I have the 508 in a closet plus I use it to feed two TV's, so UHF is needed. I guess I should at least put it out with the main TV. It does seem to work better when closer to a remote. Even so, the thing is only 20 feet and 1 wall away.

Thanks, Bill


----------



## billravani (Nov 14, 2004)

Jacob S said:


> I've had two tuner failures with the 501 and then a hard drive failure. I have had a tuner failure in the 721. The 510 has not failed yet nor has the new replacement 721 that I received. I do not hear about tuner failures like I used to.


Hi Jacob,

The 510 seems to be 100%

It's my first generation 501 and 508 that give me problems. They are not major problems like you had, just annoying. I'm going to set them up with a timer to reboot nightly and see what I get.

Thanks, Bill


----------



## AllieVi (Apr 10, 2002)

<grasping at straws mode>

Have you verified that your 501 & 508 have the current software? My 508 shows P223DCTD-N.
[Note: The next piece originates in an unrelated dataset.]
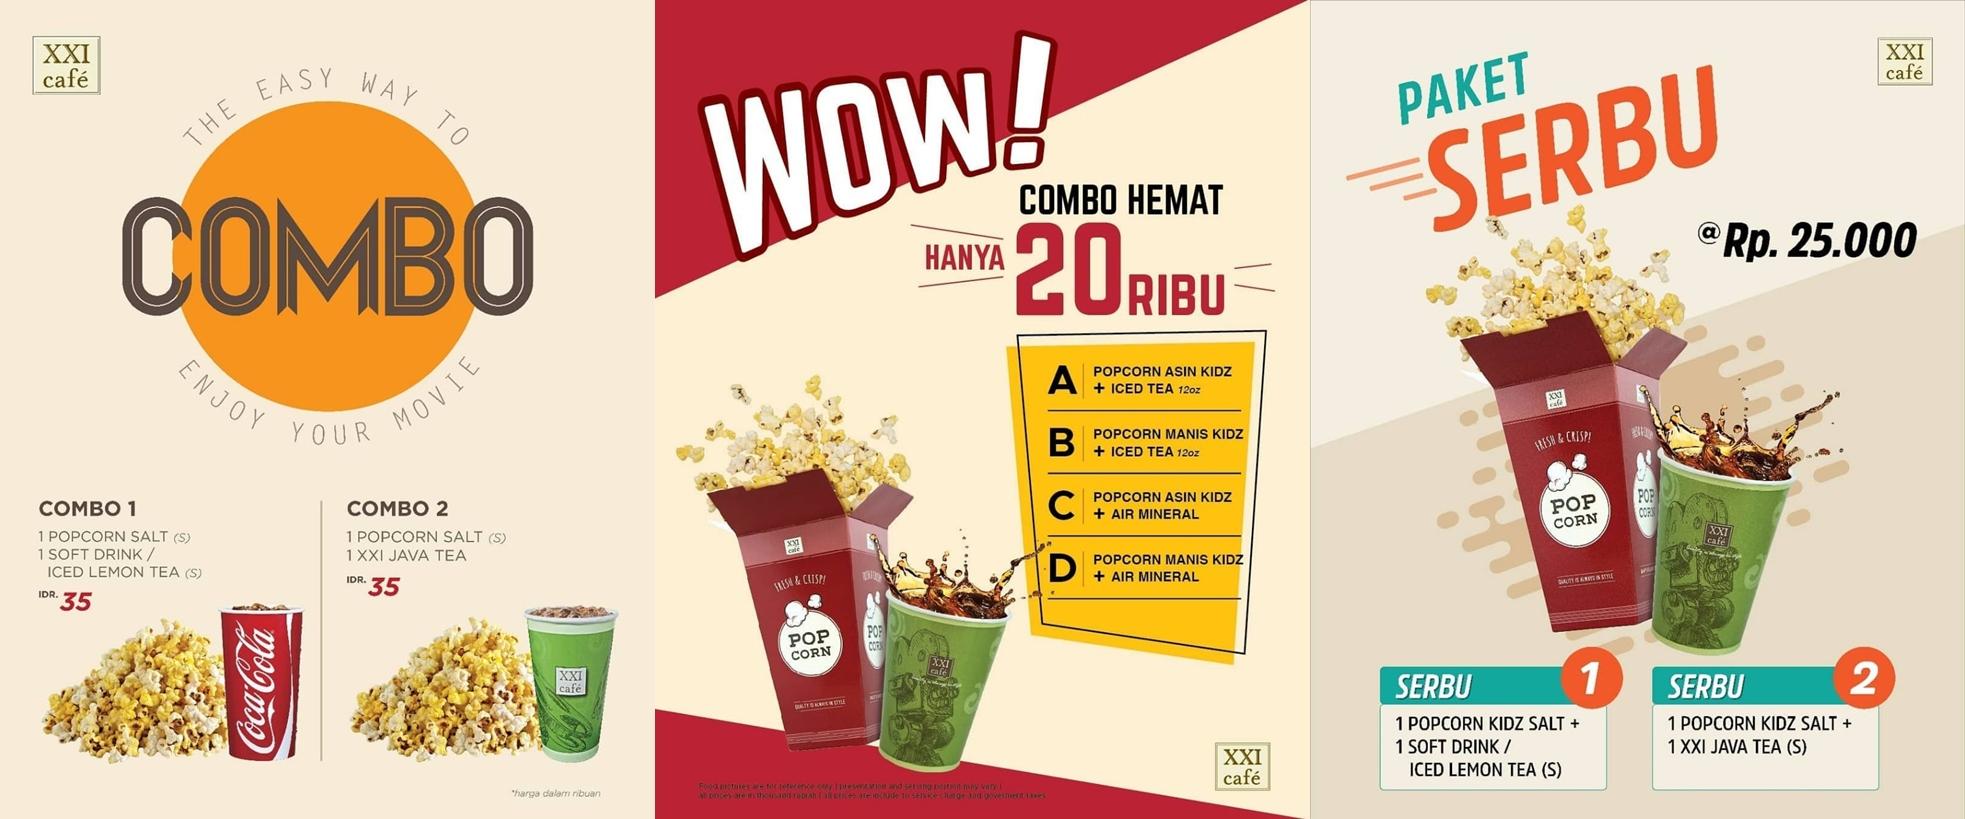 Cinema Xxi Nonton Asik Dengan Combo Hemat Harga Mulai Dari Rp 20 000

</grasping at straws mode>


----------



## Neil Derryberry (Mar 23, 2002)

Have you replaced your remote?


----------



## billravani (Nov 14, 2004)

AllieVi said:


> <grasping at straws mode>
> 
> Have you verified that your 501 & 508 have the current software? My 508 shows P223DCTD-N.
> 
> </grasping at straws mode>


Hi AllieVi

I have S/W Ver P223DCKD-N

Just out of curiosity, what is your boot strap version? I have 22ABDCKD

Bill


----------



## billravani (Nov 14, 2004)

Neil Derryberry said:


> Have you replaced your remote?


Hi Neil,

I have 4 UHF remotes. It doesn't matter which I use.

Bill


----------



## AllieVi (Apr 10, 2002)

billravani said:


> Just out of curiosity, what is your boot strap version? I have 22ABDCKD
> Bill


Mine is 22ABDCTD


----------



## TomCat (Aug 31, 2002)

billravani said:


> or is Dishnetwork DVR equipment crap?...


It's NOT you.

It really depends upon your point of view. For instance if it were 1998 and you showed me a 721 (four years before its release and before Tivo was shipping) I would have been blown away, thinking it was the most incredible piece of technology I'd ever seen, and I probably would have gladly tolerated its quirks and buginess and arrogant, confusing, and user-hostile interface. Completely.
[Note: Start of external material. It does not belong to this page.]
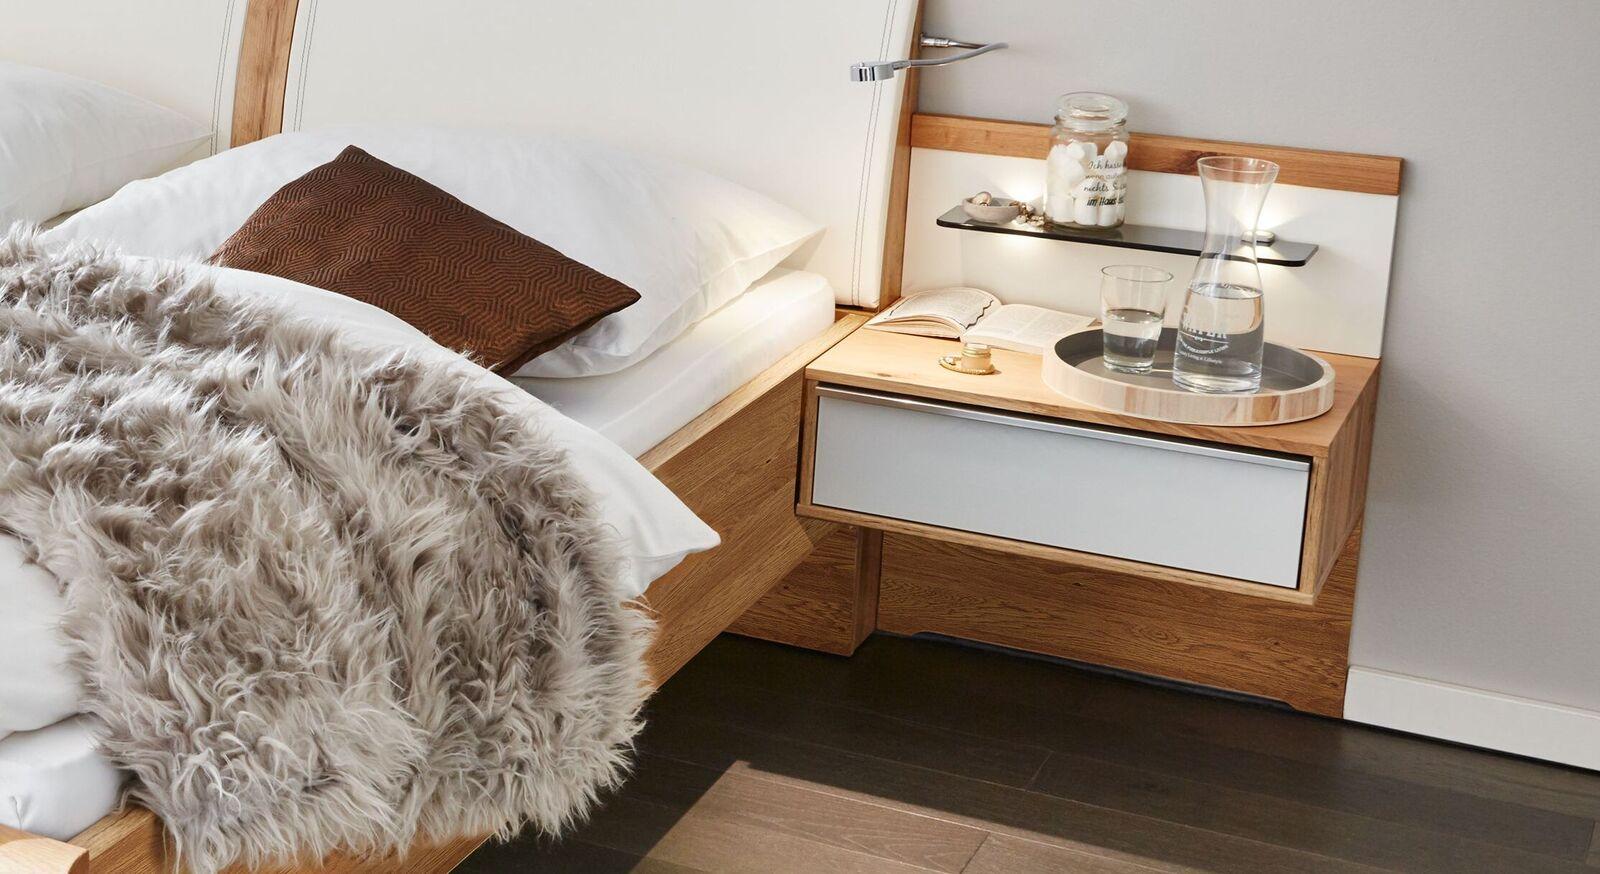 Trendiger INTERLIVING Schwebe-Nachttisch 1202 aus Balkeneiche

But that could never have happened, it's no longer 1998, it's 2005, and history has CLEARLY shown us that some manufacturers (Tivo and Replay) can make solid units, but apparently no one else can, especially DISH, who has a truly pitiful and embarrasing track record to be proud of. Anecdotal information about how "I never had a problem" just doesn't hold water in the face of all the evidence out there that very clearly shows the true pattern.

So it's relative. I would not characterize DISH gear as crap, but simply inferior. Inferior to the point that converting to D* would be far less bother than putting up with such poor performance. That's the point of view of someone intimately familiar with both DBS services and owner of 7 PVR's of different varieties, including Tivo and DISH units.


----------



## jrb531 (May 29, 2004)

I returned 4 501's and 2 508's before I found my problem. (I had the same issues you report)

You see stupid me thought that you needed to leave the 501/508 on if you were going to record anything late at night so these babies never shut off.

I would trash the hard drives in a matter of months and since I never turned them off they never got updated, the program guides were always out of date yadda yadda 

Since I started turning them off (and Dish finally put in an auto shut off feature - you have to turn it on) both units are doing great for the past 2+ years.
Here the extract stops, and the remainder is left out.